Pracownia na rzecz Wszystkich Istot

Puszcza Białowieska

Kornik

Gdyby przeprowadzić plebiscyt na nowy symbol Puszczy Białowieskiej, jest duża szansa, że kornik drukarz zdeklasowałby żubry i słynny szlak dębów królewskich. Ten niepozorny owad zyskał ostatnio sławę dzięki posądzeniu go o spowodowanie rzekomej klęski ekologicznej Puszczy Białowieskiej, stając się symbolem akcji propagandowej Lasów Państwowych.

Oto czego nie mówią nam zarządcy lasów gospodarczych Puszczy Białowieskiej:

  • Gradacja kornika to nie problem dla Puszczy

    Gradacja zabiła jedynie 10% wszystkich świerków, z terenu obejmującego zaledwie 2% Puszczy. Mówienie o katastrofie czy klęsce ekologicznej w Puszczy jest bardzo dużym nadużyciem. Obecna gradacja przypomina raczej papierek lakmusowy pokazujący błędy człowieka. Warto wiedzieć, że w latach 50-tych miało miejsce masowe, sztuczne nasadzenia świerka w Puszczy na siedliskach nieodpowiednich dla tego gatunku. Gradacja jest więc szansą na naturalną renaturalizację lasu. Martwe świerki dadzą początek nowej generacji lasu, zgodnej z warunkami środowiskowymi, jakie obecnie oferuje Puszcza Białowieska.

  • Kornik to przyjaciel naturalnego lasu

    Kornik drukarz to naturalny element ekosystemu lasu, kluczowy dla zachowania w nim spontanicznych procesów przyrodniczych. Owad ten jest jednym z najlepiej poznanych gatunków, a prace mu poświęcone liczyć można w setkach. I choć wyniki badań prowadzonych w ekosystemach poddanych prawom natury są znane i powinny mieć zastosowanie w ekologicznie ukierunkowanym zagospodarowaniu lasów o charakterze produkcyjnym, to polityka Ministra Środowiska odmawia jej wykorzystania nawet w ostatnim na niżu lesie naturalnym - Puszczy Białowieskiej.
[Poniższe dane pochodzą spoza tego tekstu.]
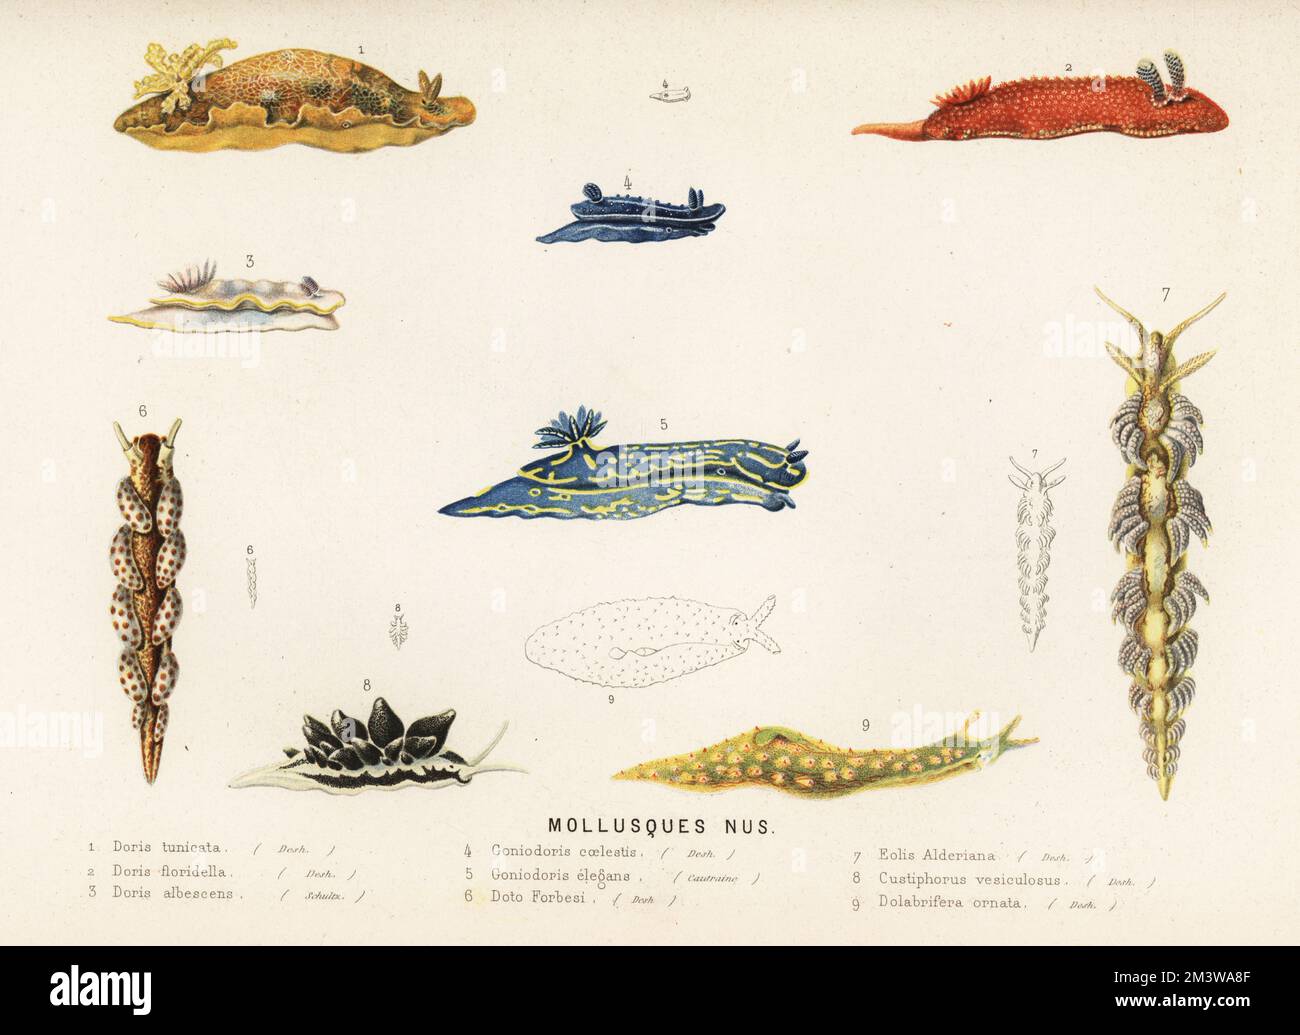 Sea slug mollusc species. Doris tunicata 1, Doris floridella 2, Felimida purpurea 3, Felimare orsinii 4, Felimare picta 5, Doto coronata 6, Spurilla neapolitana 7, Calliopaea bellula 8, and Dolabrifera ornata 9. Molluscs nus. Chromolithograph from Alfred Fredol’s Le Monde de la Mer, the World of the Sea, edited by Olivier Fredol, Librairie Hachette et. Cie., Paris, 1881. Alfred Fredol was the pseudonym of French zoologist and botanist Alfred Moquin-Tandon, 1804-1863. Stock Photo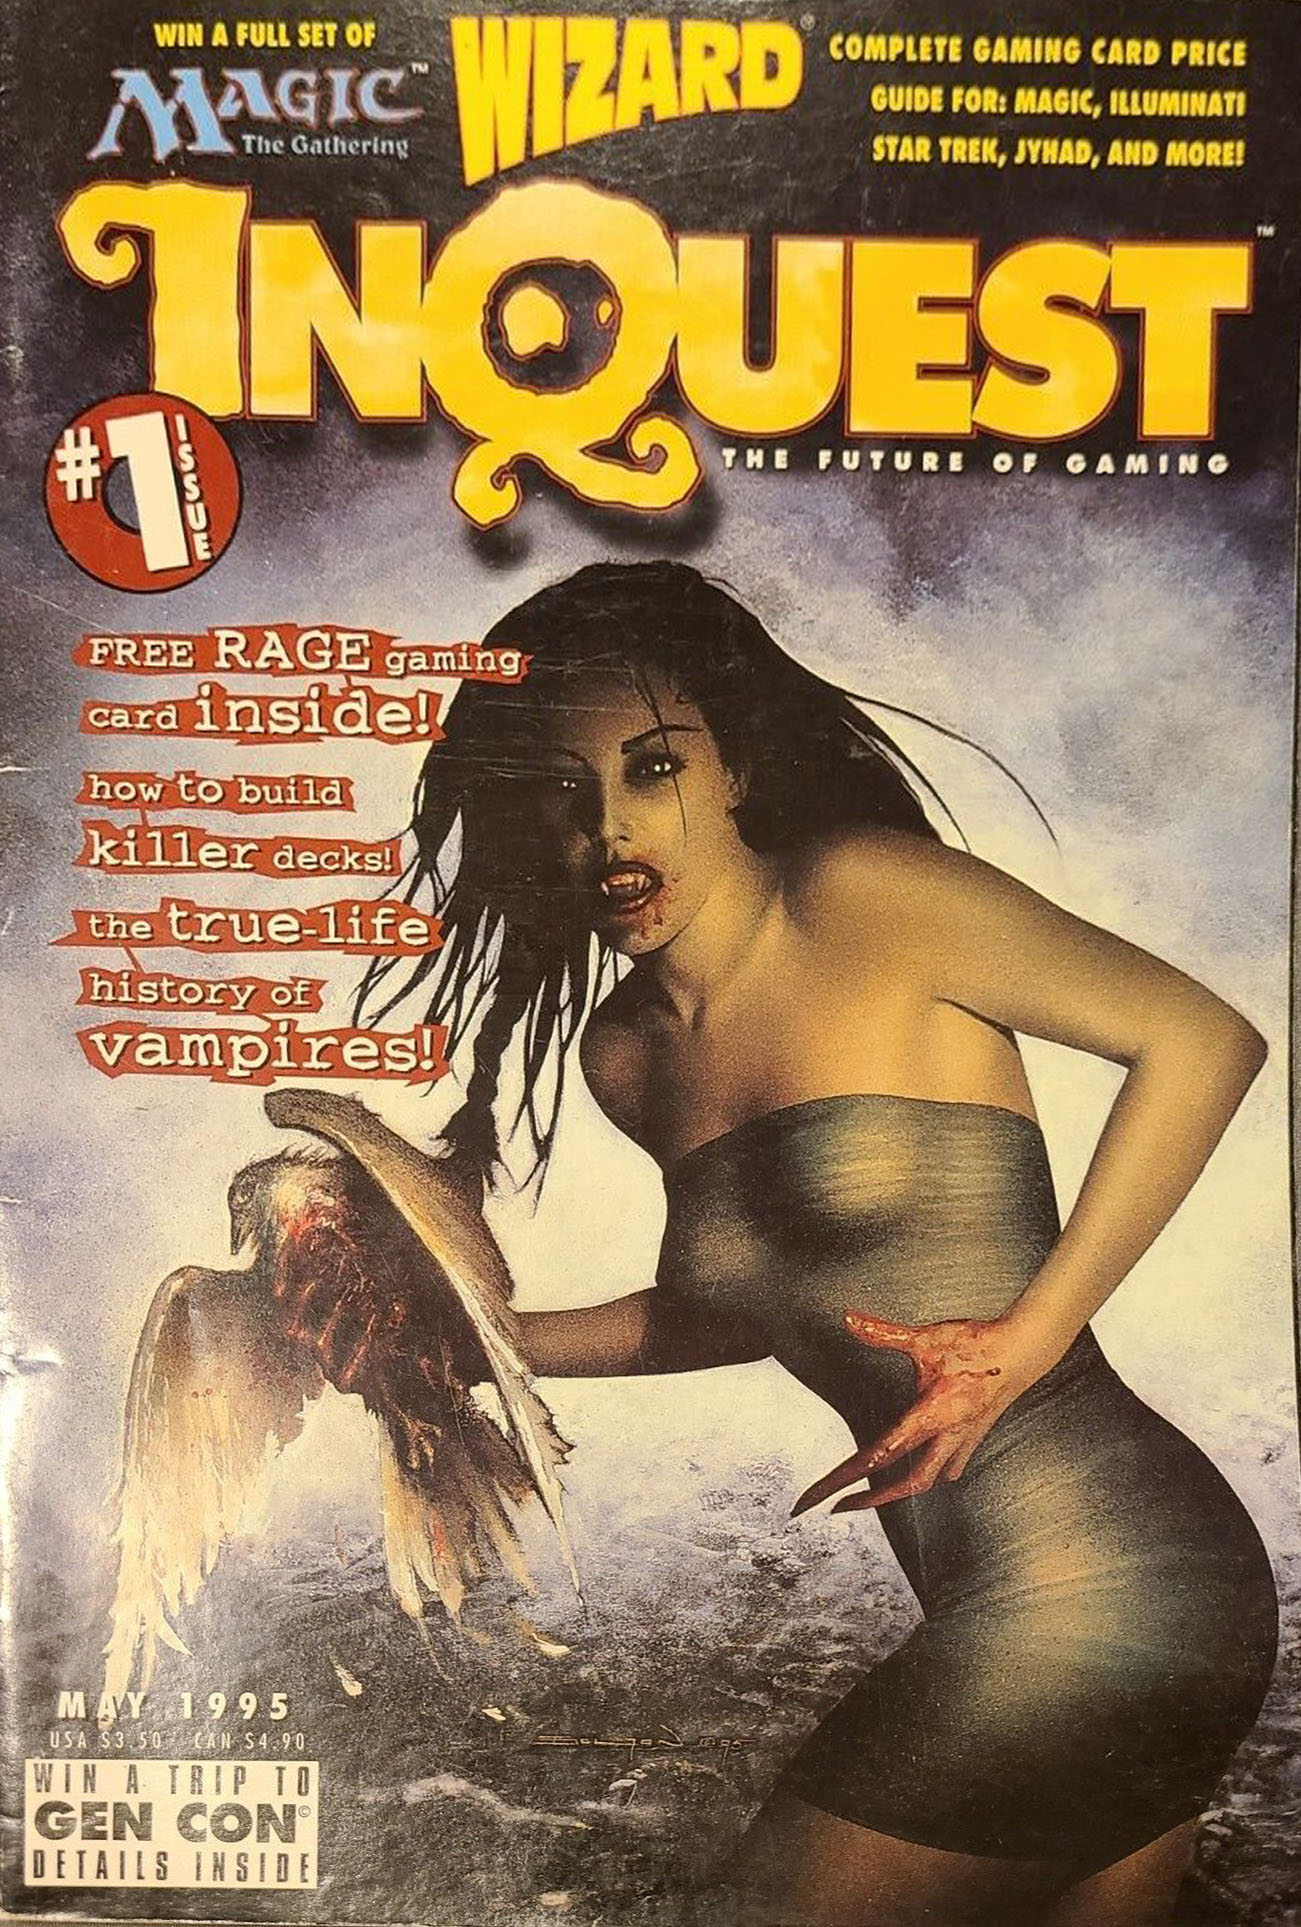 Inquest Gamer # 1, May 1995 magazine back issue Inquest Gamer magizine back copy

  • Przyroda poradzi sobie sama

    Przykładem samoistnego odrodzenia lasu po masowej gradacji kornika drukarza jest Las Bawarski. Źródłem gradacji stały się wiatrołomy będące efektem potężnej wichury. Gospodarze terenu wstrzymali się jednak od interwencji i dzisiaj po trzydziestu latach 99% zaatakowanego obszaru znowu pokryte jest lasem świerkowym. Władze Lasu Bawarskiego uczyniły rzecz niebywałą - nie dość, że dały działać siłom przyrody to jeszcze przekuły problem w sukces - sprawę nagłośniono, co zintensyfikowało zainteresowanie tym terenem nie tylko naukowców i badaczy procesów przyrodniczych ale i samych turystów. Pomnożyło to i tak bardzo wysokie zyski mieszkańców oferujących swoje usługi w branży turystycznej.

  • Wartością Puszczy jest dynamika naturalnych procesów

    Tożsama, samoistna sukcesja regeneracyjna ma miejsce w Puszczy Białowieskiej. Trzeba jednak pamiętać, że przyroda nie została nam dana raz na zawsze w niezmienionej postaci. To żywy i dynamiczny organizm. Populacja świerka w Polsce z roku na rok maleje. Za to zjawisko odpowiadają zmiany klimatyczne i związany z nimi wzrost średniorocznej temperatury. Sprzyja to zmianom okresu wegetacji, które już teraz przesunęły są o około dwa tygodnie. Świerk przy zwiększonej koncentracji CO2 i wzroście średniej temperatury przestaje mieć charakter lasotwórczy i obserwuje się zmianę zasięgu gatunku w skali Europy coraz bardziej na północ i wschód kontynentu. Niezależnie więc od intencji ochrony świerka jako gatunku współtworzącego drzewostan Puszczy Białowieskiej, jego populacja będzie się nieustannie zmniejszać kosztem drzew liściastych, m.in. grabu i lipy.

  • Gradacji nie da się powstrzymać siekierą

    Naukowcy (ale i sami leśnicy) nie mają także wątpliwości, że w warunkach Puszczy Białowieskiej ze względu na duże obszary rezerwatów i park narodowy, nie ma technicznej możliwości walki z kornikiem. Przyroda Puszczy Białowieskiej nic nie zyska na wycince, może za to wiele stracić.